Transition service agreements (TSAs) are the lifeblood of a carveout. A TSA is a contract between the seller and buyer that guides the multitude of functions the seller will provide during the period of disentanglement—and is critical to business continuity. While the buyer implements its plan to stand up the business as an independent entity, it’s imperative that critical departments and systems continue operating smoothly on the first day of new ownership, including human resources, paycheck processing, insurance coverage and information technology. Additionally, all contracts with external vendors—from freight shipments to office supplies—must be scrutinized and, if necessary, put out to bid. The new business must be able to operate without interruption in the eyes of customers, employees and other stakeholders.

After the carveout, the newly independent company must develop a fresh brand with associated trademarks, labels and signage, and it will need to hire new people for jobs that were previously done by employees of the parent company. The new company will also undoubtedly have a more complex capital structure and key performance indicators in its financial reporting that will necessitate changing and upgrading the corporate treasury department. And it may be necessary to build out an entirely new senior executive team that is capable of implementing a new corporate strategy instead of taking direction within a larger organization.

Well Worth the Effort

While buyout transactions of all varieties require significant effort, we have found that take-privates and corporate carveouts present degrees of difficulty and effort that many private equity firms will simply choose to avoid. Effectively undertaking either of these types of transactions at scale—while simultaneously managing the remainder of the portfolio and an active pipeline—requires both an oversize team and a high level of sophistication.
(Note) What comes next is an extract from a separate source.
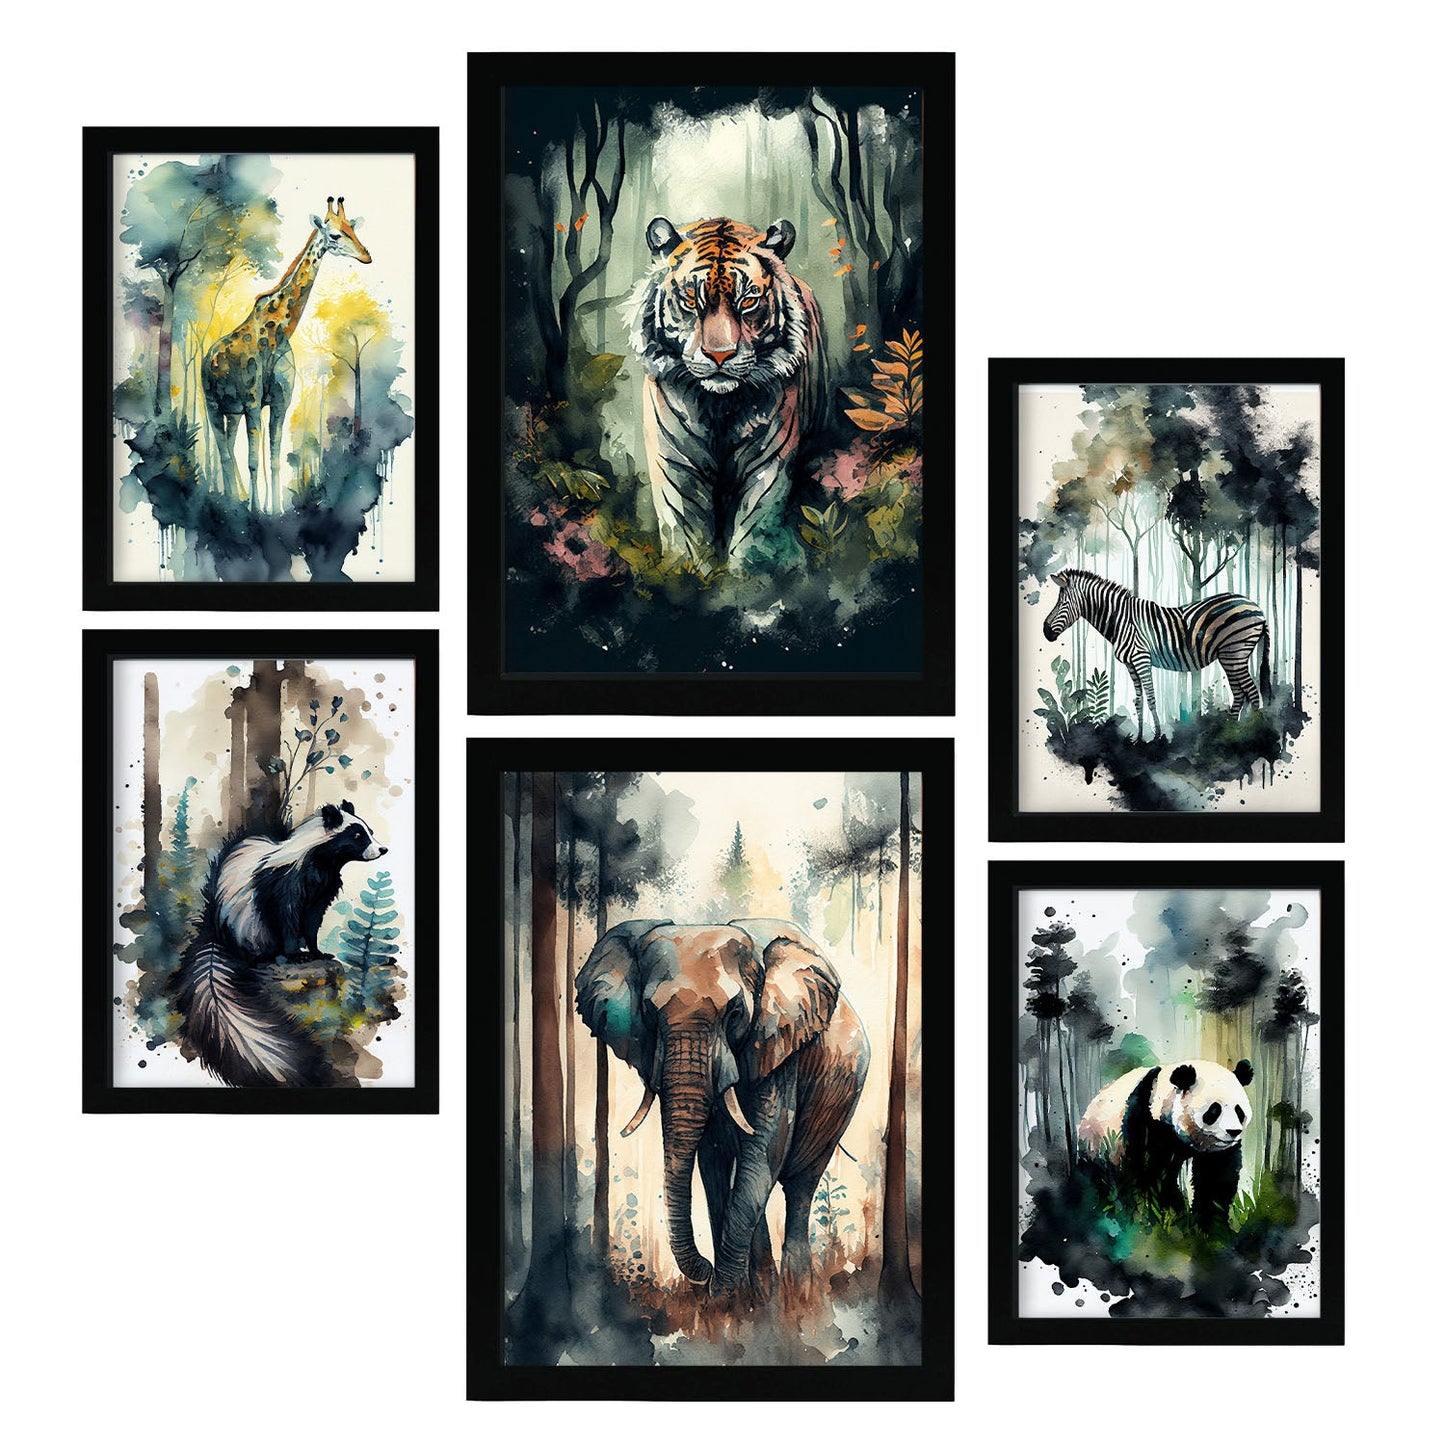 Nacnic Watercolor Animal Set_8. Aesthetic Wall Art Prints for Bedroom or Living Room Design.

In our view, only the managers with these resources are well positioned to pursue these more complex transaction types—and, ultimately, capture the return potential they offer. Maintaining a value discipline requires taking the roads less traveled. But, in our experience, it is a journey worth taking.

Endnotes:

1. Note: Indexed to enterprise value at entry; includes fully and partially realized global buyout deals by year of entry; includes deals with invested capital of $50 million or more; excludes real estate; all figures calculated in U.S. dollars.